In [1]:
from pathlib import Path
import pandas as pd
import sys
import os
# add project root to sys.path
sys.path.append(os.path.abspath(".."))

from cdrlib.pipeline import load_all_days, build_master_parquet




ROOT = Path.cwd().parent           # repo root 
DATA_DIR = ROOT / "data"
OUT_PARQUET = ROOT / "milan_cdr_master.parquet"


In [6]:
files = load_all_days(DATA_DIR, pattern="sms-call-internet-mi-*.csv")
len(files), files[0], files[-1]

(7,
 WindowsPath('c:/Users/tempadmin.DESKTOP-C50JUBO/Desktop/DS Roadmap/CDR Mobility & Traffic Analytics Project/data/sms-call-internet-mi-2013-11-01.csv'),
 WindowsPath('c:/Users/tempadmin.DESKTOP-C50JUBO/Desktop/DS Roadmap/CDR Mobility & Traffic Analytics Project/data/sms-call-internet-mi-2013-11-07.csv'))

In [7]:
cdr = build_master_parquet(files, OUT_PARQUET)
cdr.head(3)

Unnamed: 0,square_id,time_interval,sms_in,sms_out,call_in,call_out,internet
0,1,2013-11-01 00:00:00,2.0843,1.1047,0.5919,0.4293,57.799
1,1,2013-11-01 01:00:00,1.1637,0.77,0.1906,0.1942,44.0469
2,1,2013-11-01 02:00:00,0.4156,0.3004,0.0279,0.136,41.2071


In [8]:
print("Rows:", len(cdr))
print("Date range:", cdr["time_interval"].min(), "→", cdr["time_interval"].max())
print("Unique cells:", cdr["square_id"].nunique())


Rows: 1679994
Date range: 2013-11-01 00:00:00 → 2013-11-07 23:00:00
Unique cells: 10000


In [9]:
import geopandas as gpd

gdf = gpd.read_file(DATA_DIR / "milano-grid.geojson")
gdf["square_id"] = gdf["cellId"].astype("int32")

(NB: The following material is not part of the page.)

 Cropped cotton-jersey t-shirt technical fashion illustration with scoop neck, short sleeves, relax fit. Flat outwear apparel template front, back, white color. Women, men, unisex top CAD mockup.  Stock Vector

cent = gdf.to_crs(4326).centroid
centroids = pd.DataFrame({
    "square_id": gdf["square_id"].astype("int32"),
    "lon": cent.x.round(6),
    "lat": cent.y.round(6),
})
centroids.to_csv(ROOT / "milan_cell_centroids.csv", index=False)
centroids.head()



  cent = gdf.to_crs(4326).centroid


Unnamed: 0,square_id,lon,lat
0,1,9.012991,45.357743
1,2,9.015991,45.357743
2,3,9.018992,45.357743
3,4,9.021992,45.357742
4,5,9.024993,45.357741


## 📌 Conclusions (Notebook 1 — Data Loading & Preparation)

- Successfully loaded all **raw daily CSVs** of Milan mobile phone activity.  
- Built a unified **Parquet master dataset** (`milan_cdr_master.parquet`) with consistent schema.  
- Extracted the official **grid cell centroids** from the GeoJSON and exported as CSV.  

➡ Notebook 1 establishes the **data foundation**: clean, standardized, and geospatially enabled — ready for EDA and clustering in Notebook 2.